School of Public Health and Community Medicine, University of New South Wales, Sydney, NSW 2052, Australia.
BMC Fam Pract. 2010 Aug 12;11:59. doi: 10.1186/1471-2296-11-59.
This study will test the uptake and effectiveness of a flexible package of smoking cessation support provided primarily by the practice nurse (PN) and tailored to meet the needs of a diversity of patients.
METHODS/DESIGN: This study is a cluster randomised trial, with practices allocated to one of three groups 1) Quit with Practice Nurse 2) Quitline referral 3) GP usual care. PNs from practices randomised to the intervention group will receive a training course in smoking cessation followed by access to mentoring. GPs from practices randomised to the Quitline referral group will receive information about the study and the process of written referral and GPs in the usual care group will receive information about the study. Eligible patients are those aged 18 and over presenting to their GP who are daily or weekly smokers and who are able to give informed consent.
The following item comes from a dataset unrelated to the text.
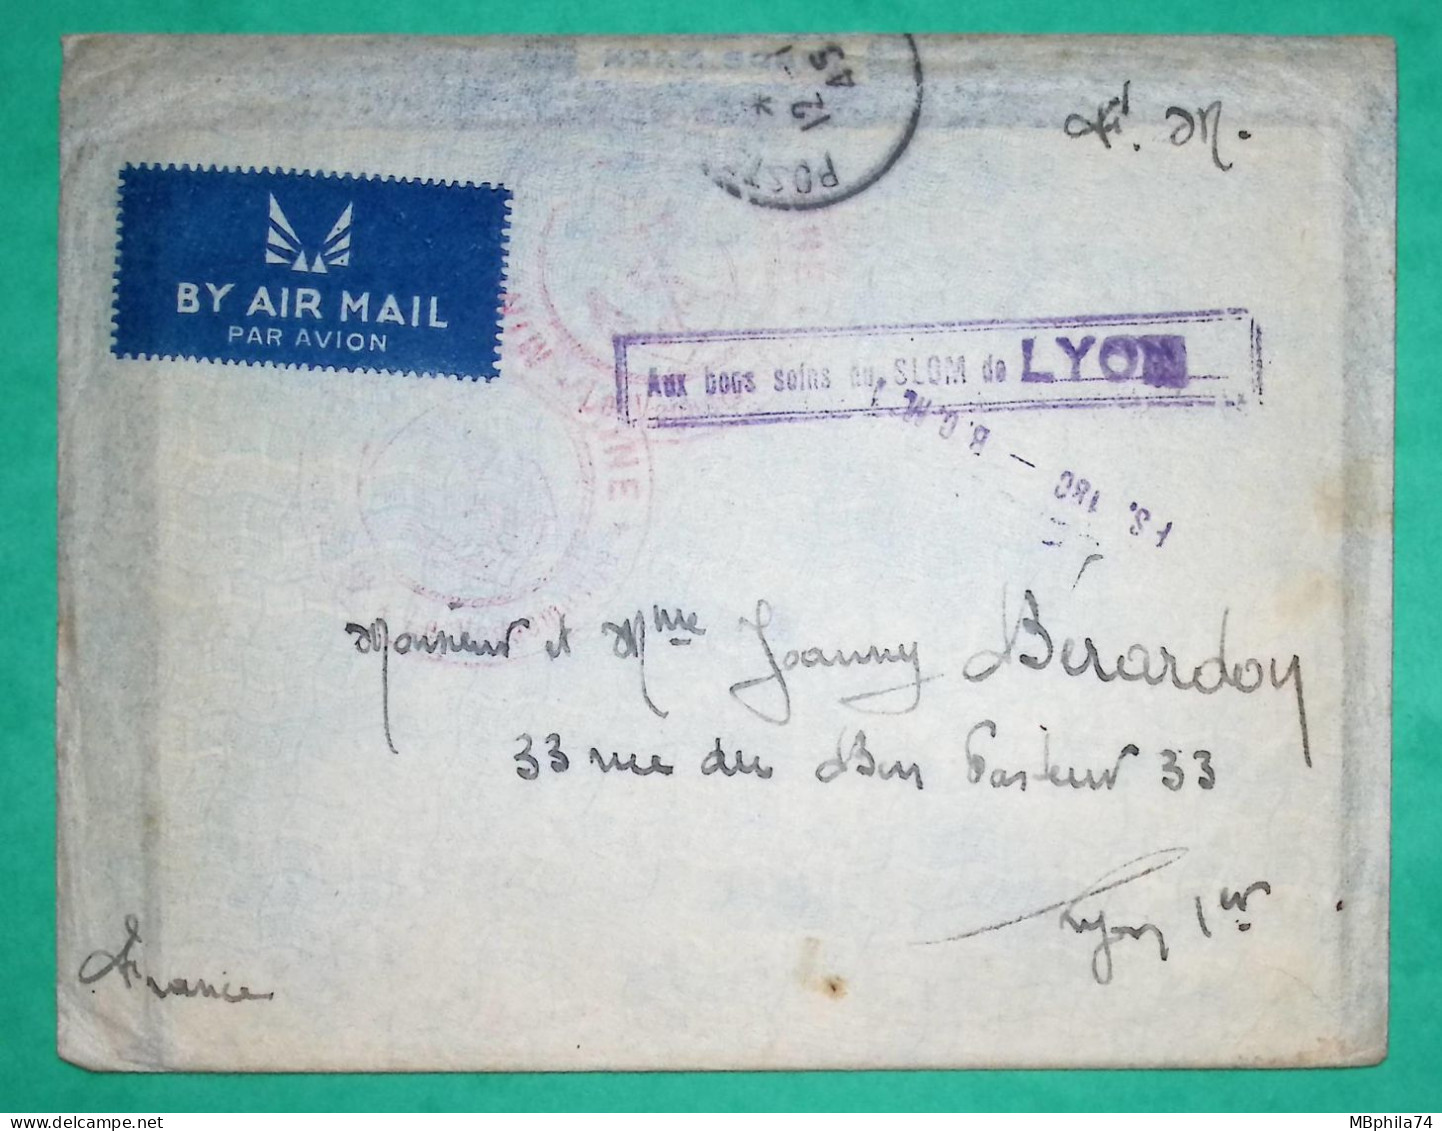 FRANCHISE MILITAIRE FM LETTRE PAR AVION POSTE NAVALE SLOM LYON RHONE 1945 WW2 COVER FRANCE - Military Airmail

Patients on low incomes in all three groups will be able to access free nicotine patches.Primary outcomes are sustained abstinence and point prevalence abstinence at the three month and 12 month follow-up points; and incremental cost effectiveness ratios at 12 months. Process evaluation on the reach and acceptability of the intervention approached will be collected through Computer Assisted Telephone Interviews (CATI) with patients and semi-structured interviews with PNs and GPs.The primary analysis will be by intention to treat. Cessation outcomes will be compared between the three arms at three months and 12 month follow-up using multiple logistic regression. The incremental cost effectiveness ratios will be estimated for the 12 month quit rate for the intervention groups compared to usual care and to each other. Analysis of qualitative data on process outcomes will be based on thematic analysis.
High quality evidence on effectiveness of practice nurse interventions is needed to inform health policy on development of practice nurse roles. If effective, flexible support from the PN in partnership with the GP and the Quitline could become the preferred model for providing smoking cessation advice in Australian general practice.
ACTRN12609001040257.
本研究将测试主要由执业护士(PN)提供的灵活戒烟支持包的接受程度和有效性,并根据患者的需求进行调整。
方法/设计:这是一项群组随机试验,将诊所分配到以下三个组之一:1)与执业护士一起戒烟;2)戒烟热线转介;3)GP 常规护理。随机分配到干预组的 PN 将接受戒烟培训课程,然后获得指导。随机分配到戒烟热线转介组的 GP 将获得有关该研究的信息和书面转介过程,而常规护理组的 GP 将获得有关该研究的信息。符合条件的患者是年龄在 18 岁及以上,向其 GP 就诊的患者,他们是每天或每周吸烟的人,并且能够给予知情同意。所有三组中收入较低的患者都可以免费获得尼古丁贴片。主要结果是在三个月和十二个月随访时的持续戒烟和点患病率戒烟,以及十二个月时的增量成本效益比。通过对患者进行计算机辅助电话访谈(CATI)和对 PN 和 GP 进行半结构化访谈,收集对干预措施的可达性和可接受性的过程评估。主要分析将采用意向治疗进行。使用多因素逻辑回归比较三个月和十二个月随访时三组之间的戒烟结局。干预组与常规护理组和彼此之间的十二个月戒烟率的增量成本效益比将进行估计。基于主题分析对定性数据进行分析。
需要高质量的实践护士干预措施有效性证据,以为实践护士角色发展的卫生政策提供信息。如果有效,PN 与 GP 和戒烟热线合作提供灵活的支持可能成为澳大利亚普通实践中提供戒烟建议的首选模式。
ACTRN12609001040257。